Collected data ::

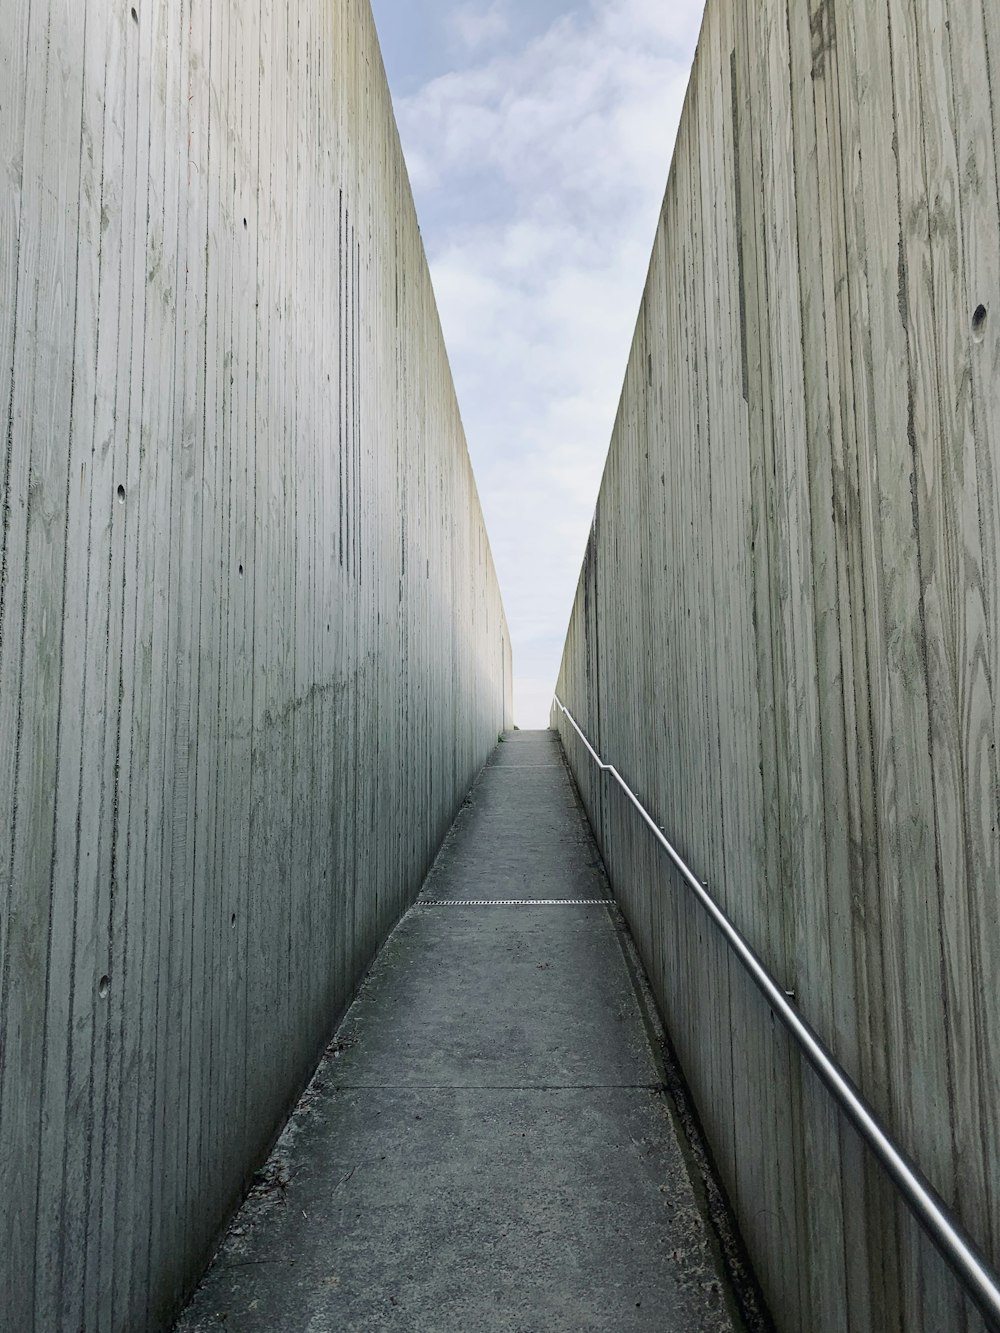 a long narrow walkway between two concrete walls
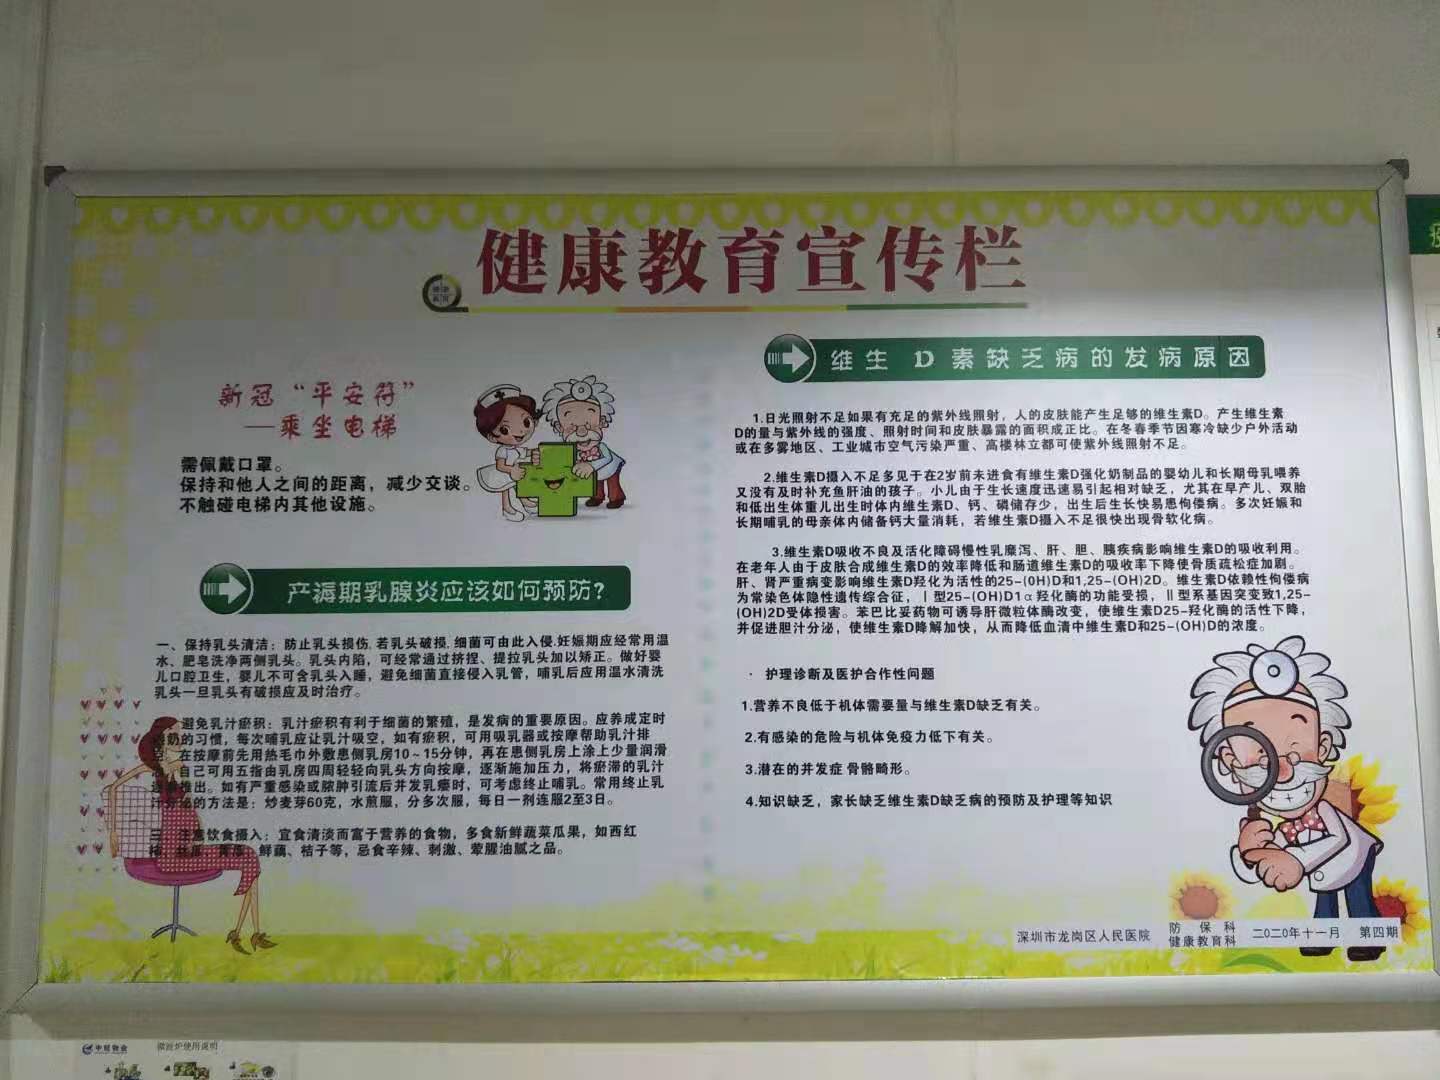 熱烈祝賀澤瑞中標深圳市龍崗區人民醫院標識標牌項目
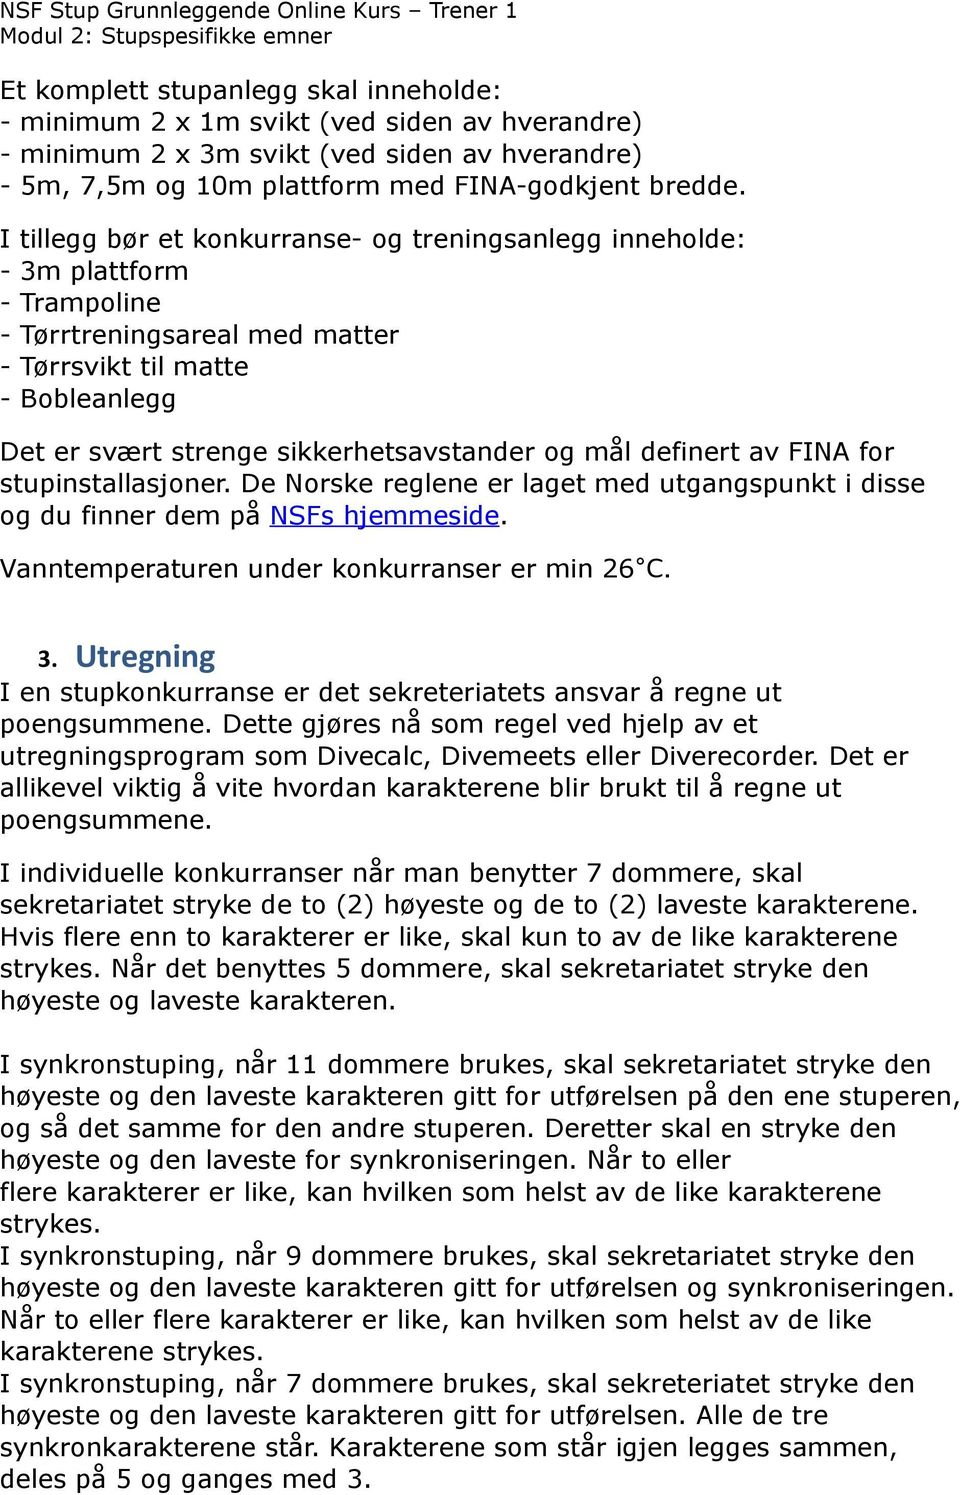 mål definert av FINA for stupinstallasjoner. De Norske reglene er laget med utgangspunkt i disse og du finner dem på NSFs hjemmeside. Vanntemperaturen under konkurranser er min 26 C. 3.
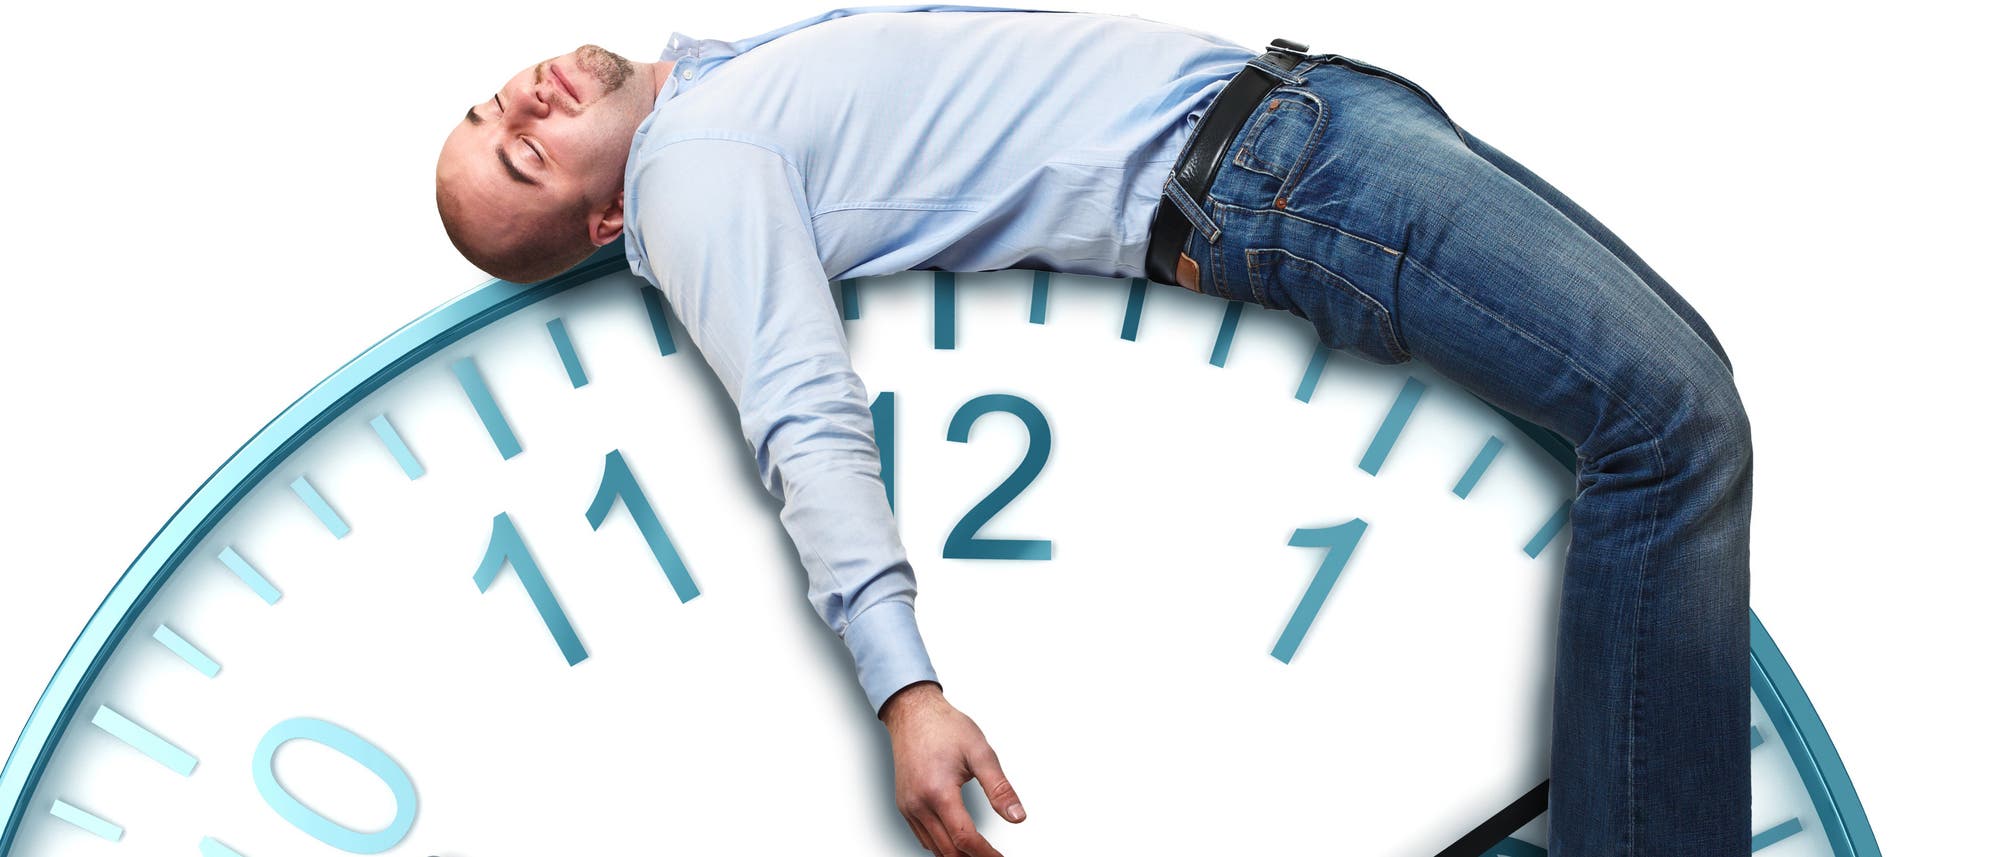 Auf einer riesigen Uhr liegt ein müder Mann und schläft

Task to carry out :: Write out the listing above exactly, images omitted.

Reply to the exercise ::
 a long narrow walkway between two concrete walls
 熱烈祝賀澤瑞中標深圳市龍崗區人民醫院標識標牌項目
 mål definert av FINA for stupinstallasjoner. De Norske reglene er laget med utgangspunkt i disse og du finner dem på NSFs hjemmeside. Vanntemperaturen under konkurranser er min 26 C. 3.
 Auf einer riesigen Uhr liegt ein müder Mann und schläft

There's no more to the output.